Data Loading Concepts (Image)#

This page covers the core concepts for loading and managing image datasets in NeMo Curator.

Input vs. Output: This page focuses on input data formats for loading datasets into NeMo Curator. For information about output formats (including Parquet metadata files created during export), see the Data Export Concepts page.

Input Data Format and Directory Structure#

NeMo Curator loads image datasets from tar archives for scalable, distributed image curation. The ImageReaderStage reads only JPEG images from input .tar files, ignoring other content.

Example input directory structure:

input_dataset/
├── 00000.tar
│   ├── 000000000.jpg
│   ├── 000000000.txt
│   ├── 000000000.json
│   ├── ...
├── 00001.tar
│   ├── ...

Input file types:

  • .tar files: Contain images (.jpg), captions (.txt), and metadata (.json) - only images are loaded

Note

While tar archives may contain captions (.txt) and metadata (.json) files, the ImageReaderStage only extracts JPEG images. Other file types are ignored during the loading process.

Each record is identified by a unique ID (e.g., 000000031), used as the prefix for all files belonging to that record.

Sharding and Metadata Management#

  • Sharding: Datasets are split into multiple .tar files (shards) for efficient distributed processing.

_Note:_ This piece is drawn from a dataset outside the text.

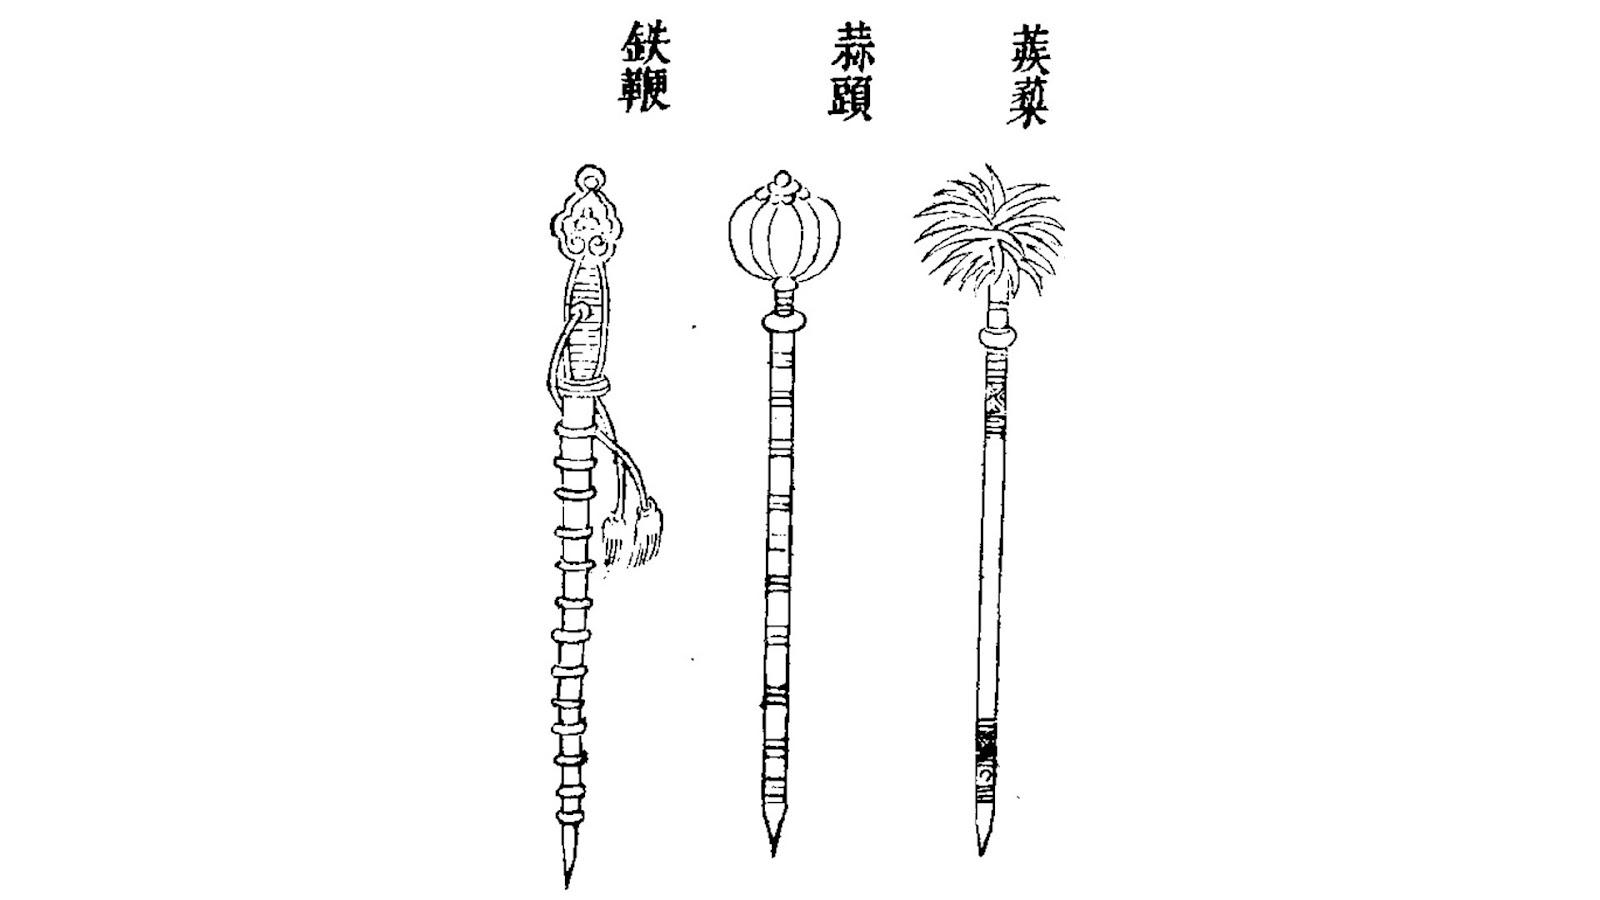 History of Gunpowder: Wujing Zongyao Maces

  • Metadata: Each record has a unique ID, and metadata is stored in .json files (per record) within the tar archives.

Loading from Local Disk#

Example:

from nemo_curator.pipeline import Pipeline
from nemo_curator.stages.file_partitioning import FilePartitioningStage
from nemo_curator.stages.image.io.image_reader import ImageReaderStage

# Create pipeline for loading
pipeline = Pipeline(name="image_loading")

# Partition tar files
pipeline.add_stage(FilePartitioningStage(
    file_paths="/path/to/tar_dataset",
    files_per_partition=1,
    file_extensions=[".tar"],  # Required for ImageReaderStage
))

# Load images with DALI
pipeline.add_stage(ImageReaderStage(
    task_batch_size=100,
    verbose=True,
    num_threads=8,
    num_gpus_per_worker=0.25,
))

DALI Integration for High-Performance Loading#

The ImageReaderStage uses NVIDIA DALI for efficient, GPU-accelerated loading and preprocessing of JPEG images from tar files. DALI enables:

  • GPU Acceleration: Fast image decoding on GPU with automatic CPU fallback

  • Batch Processing: Efficient batching and streaming of image data

  • Tar Archive Processing: Built-in support for tar archive format

  • Memory Efficiency: Streams images without loading entire datasets into memory

Best Practices and Troubleshooting#

  • Use sharding to enable distributed and parallel processing.

  • Watch GPU memory and adjust batch size as needed.

  • If you encounter loading errors, check for missing or mismatched files in your dataset structure.